What is needed is a word-for-word copy of the lines below from the one with "BGS Drehmomentschlüssel |" through the one with "Free The Tone", both included, with every picture left out.

_ENTRIES SUPPLIED_
========================
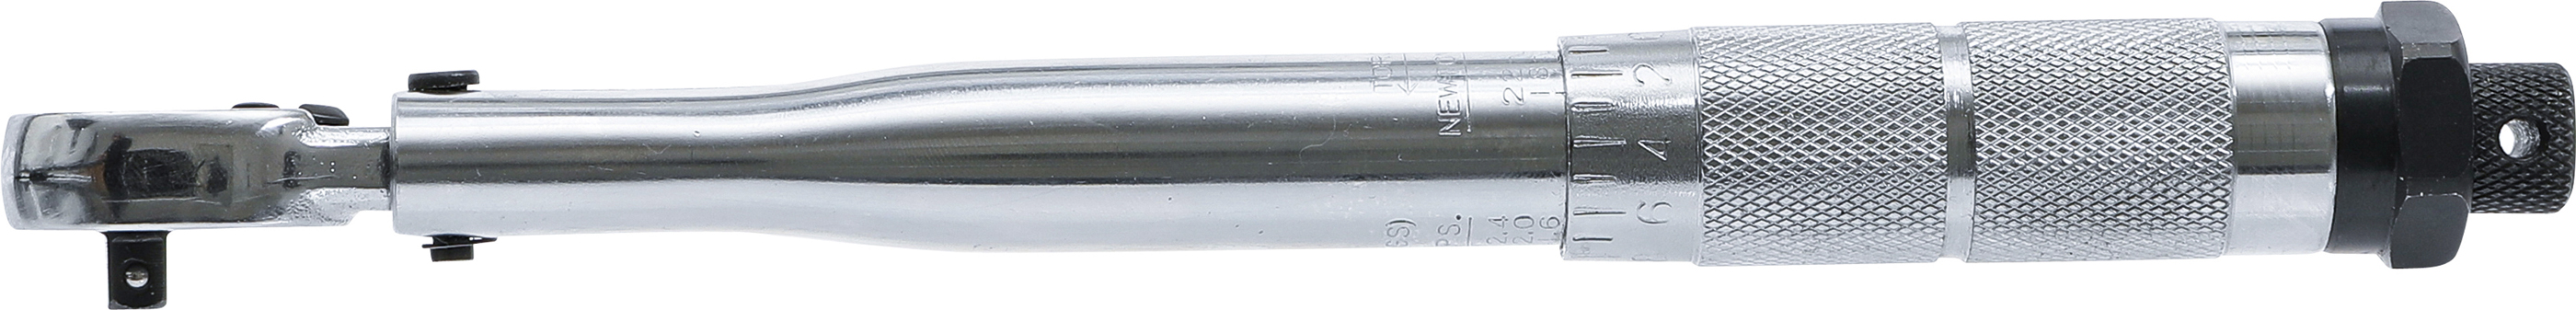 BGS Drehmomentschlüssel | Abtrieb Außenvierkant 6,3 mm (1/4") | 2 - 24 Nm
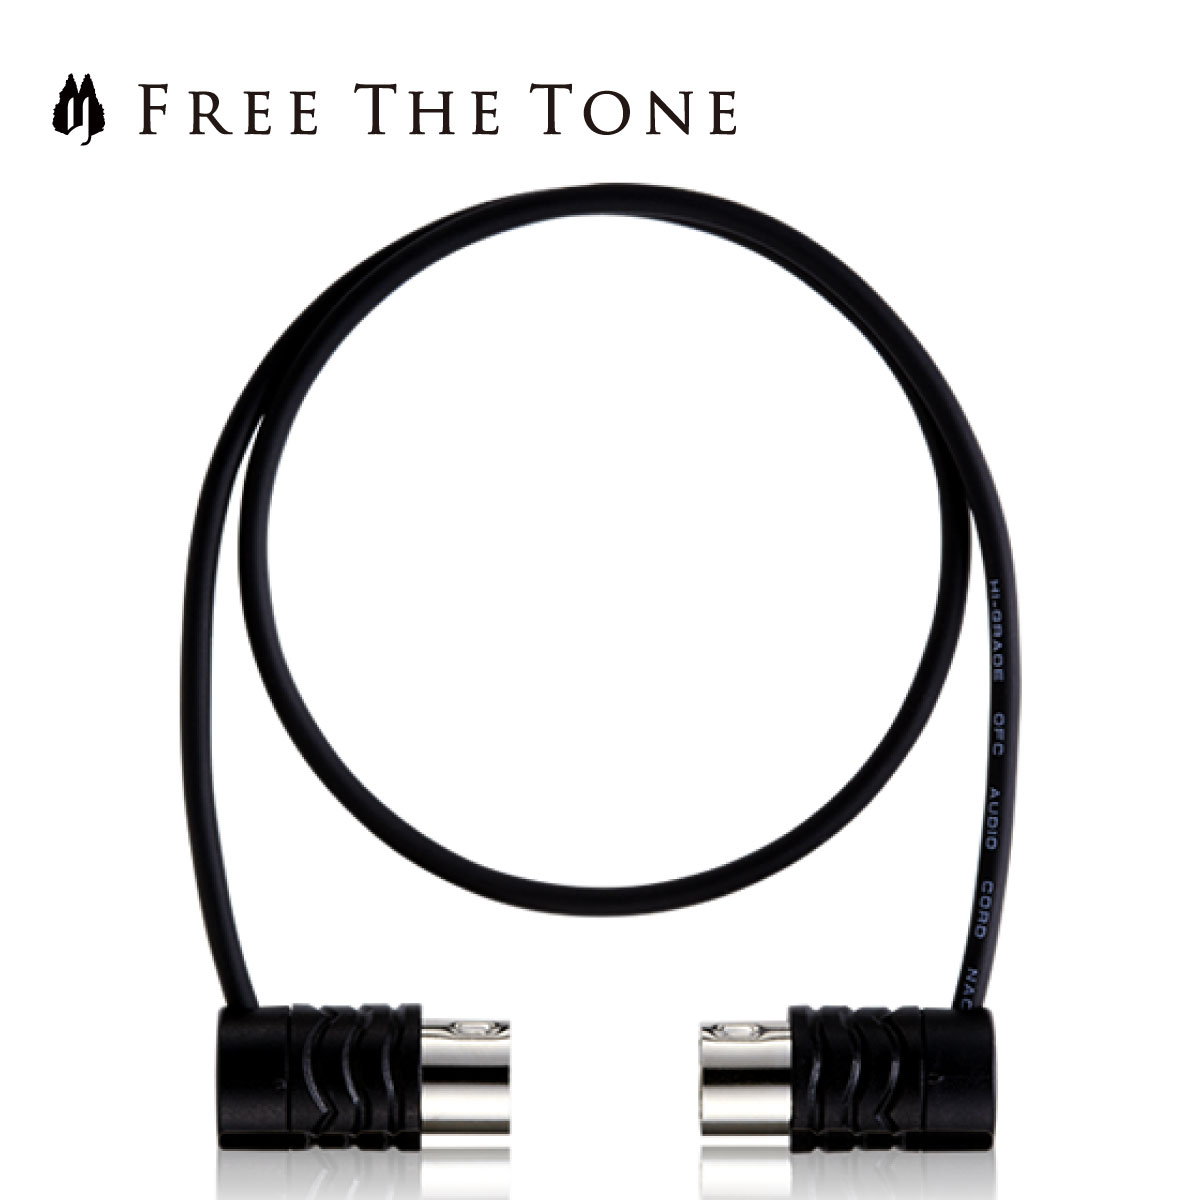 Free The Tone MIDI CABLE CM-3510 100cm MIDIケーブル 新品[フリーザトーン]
========================
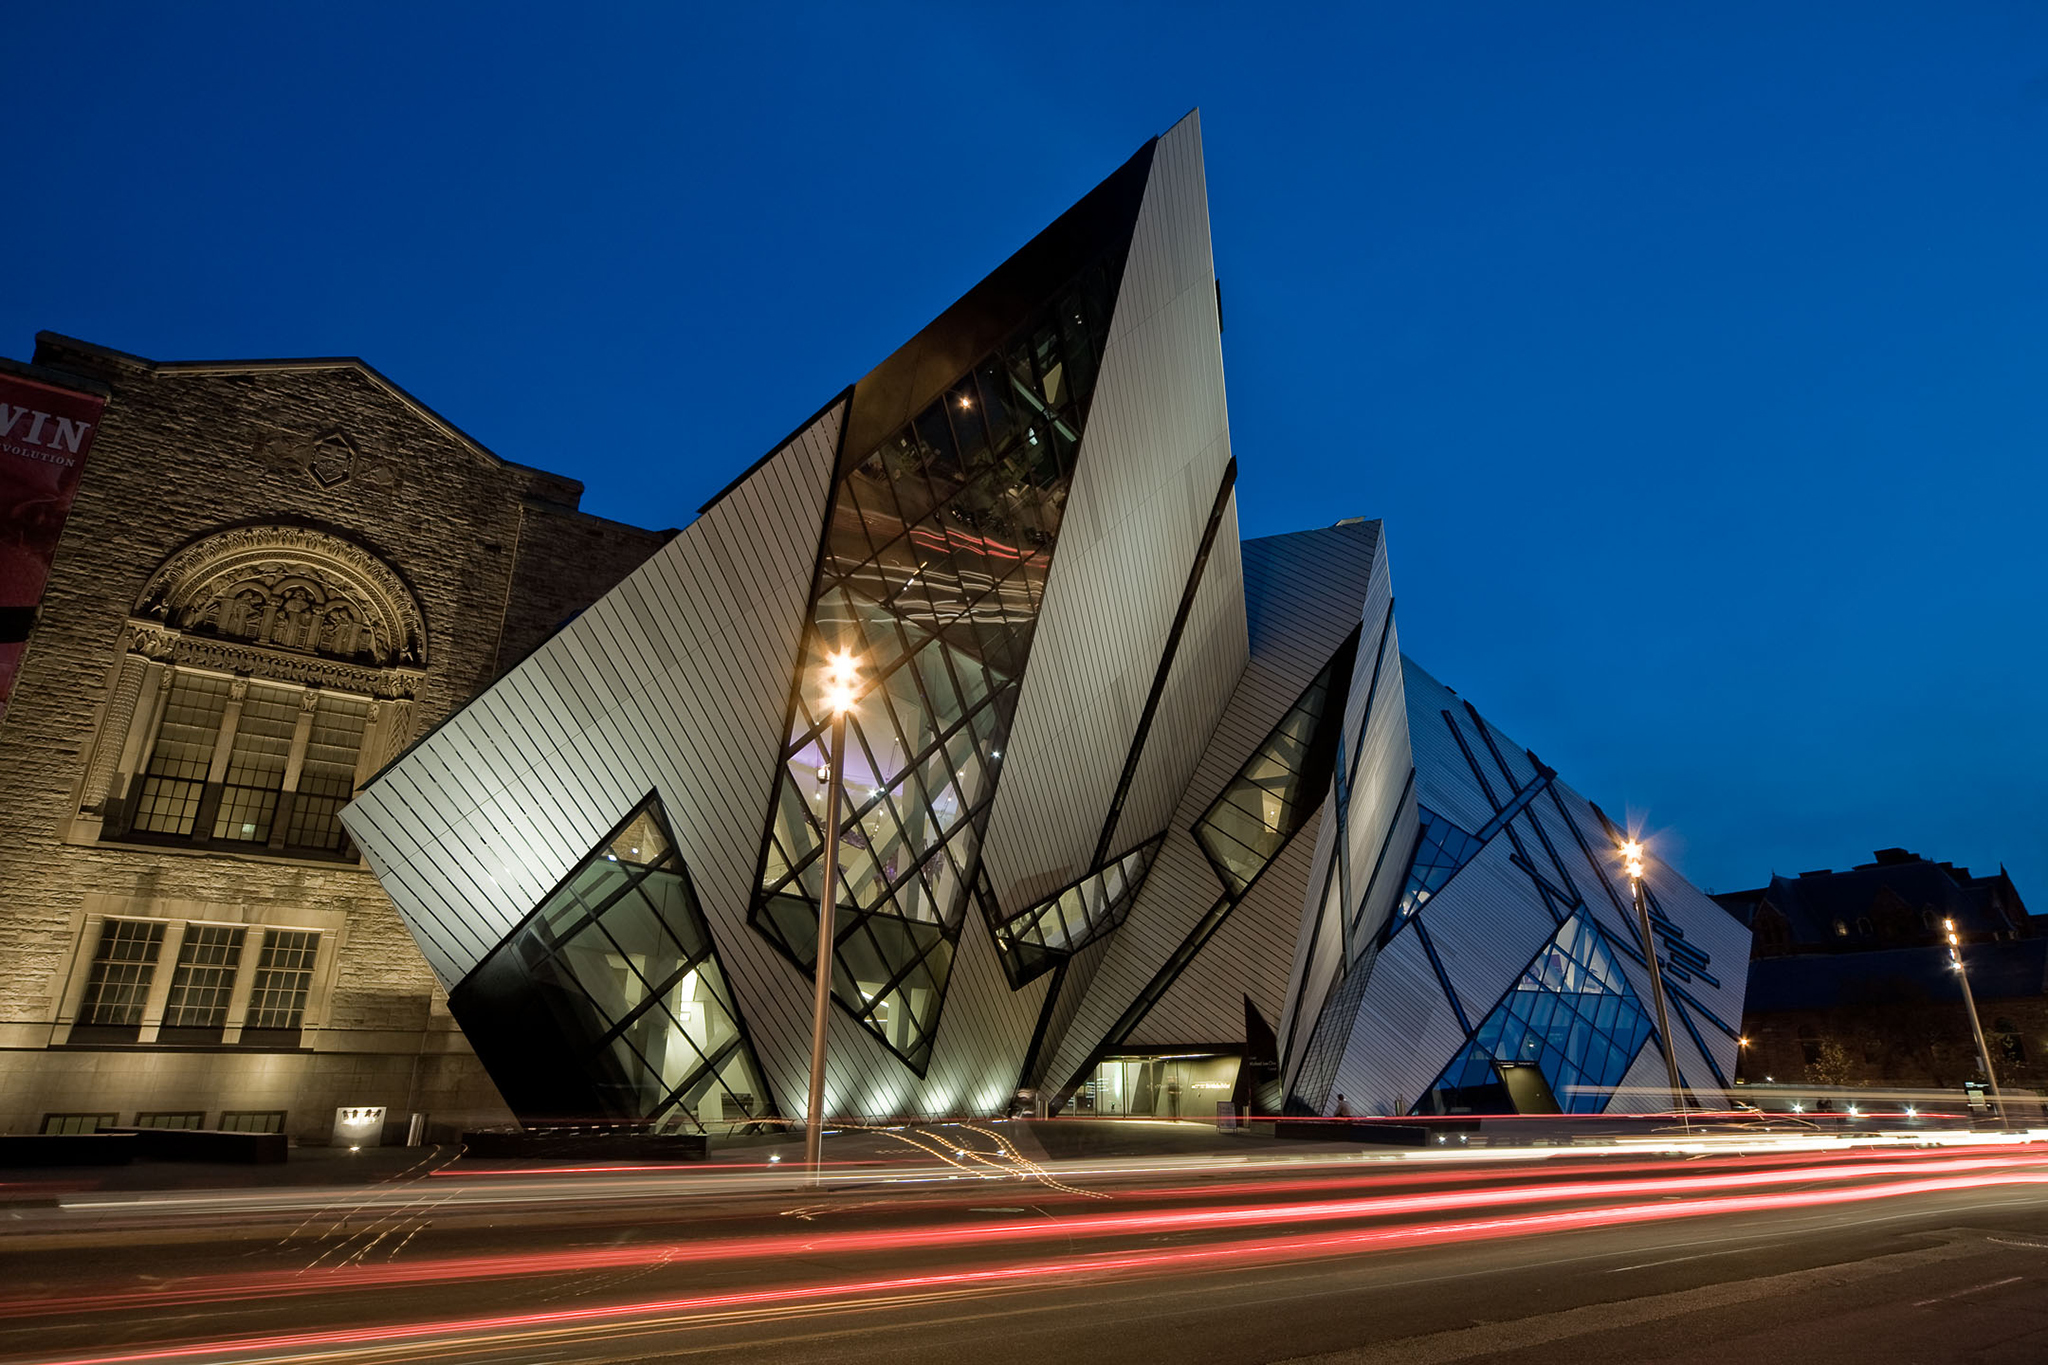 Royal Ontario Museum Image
========================
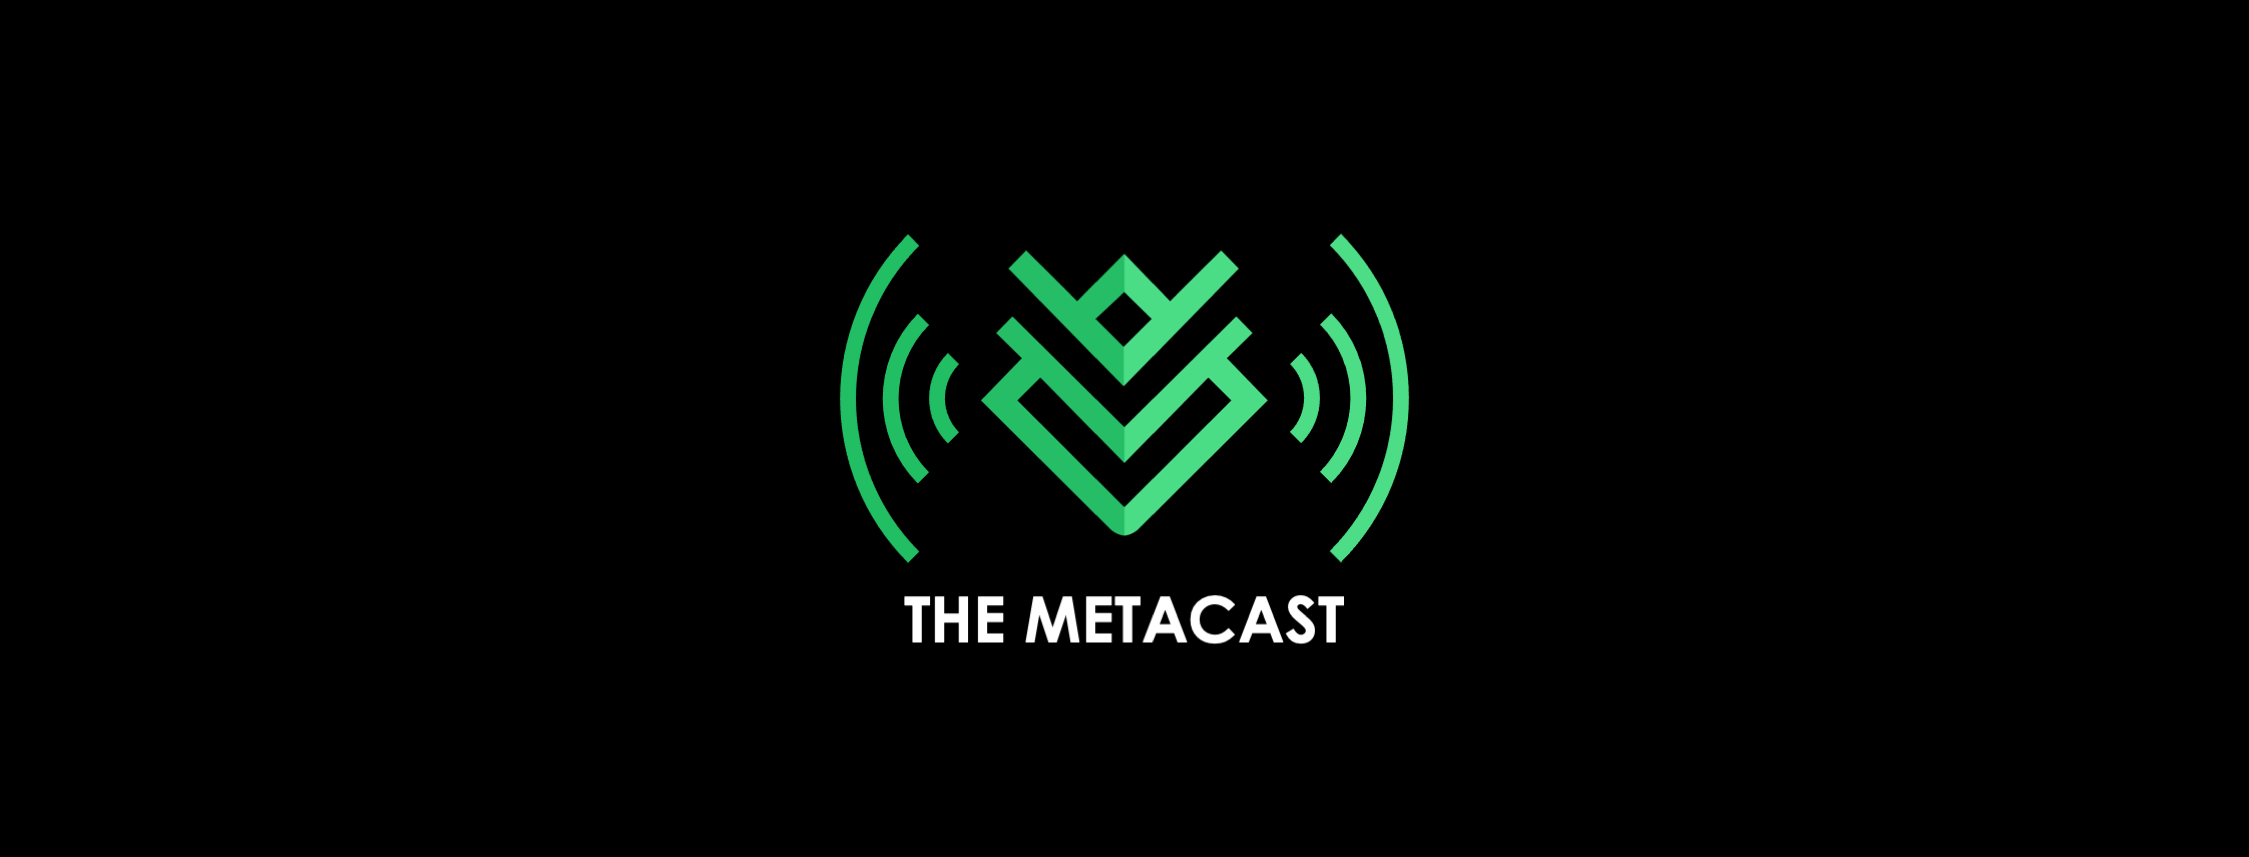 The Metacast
========================
_SOLVED EXERCISE_
 BGS Drehmomentschlüssel | Abtrieb Außenvierkant 6,3 mm (1/4") | 2 - 24 Nm
 Free The Tone MIDI CABLE CM-3510 100cm MIDIケーブル 新品[フリーザトーン]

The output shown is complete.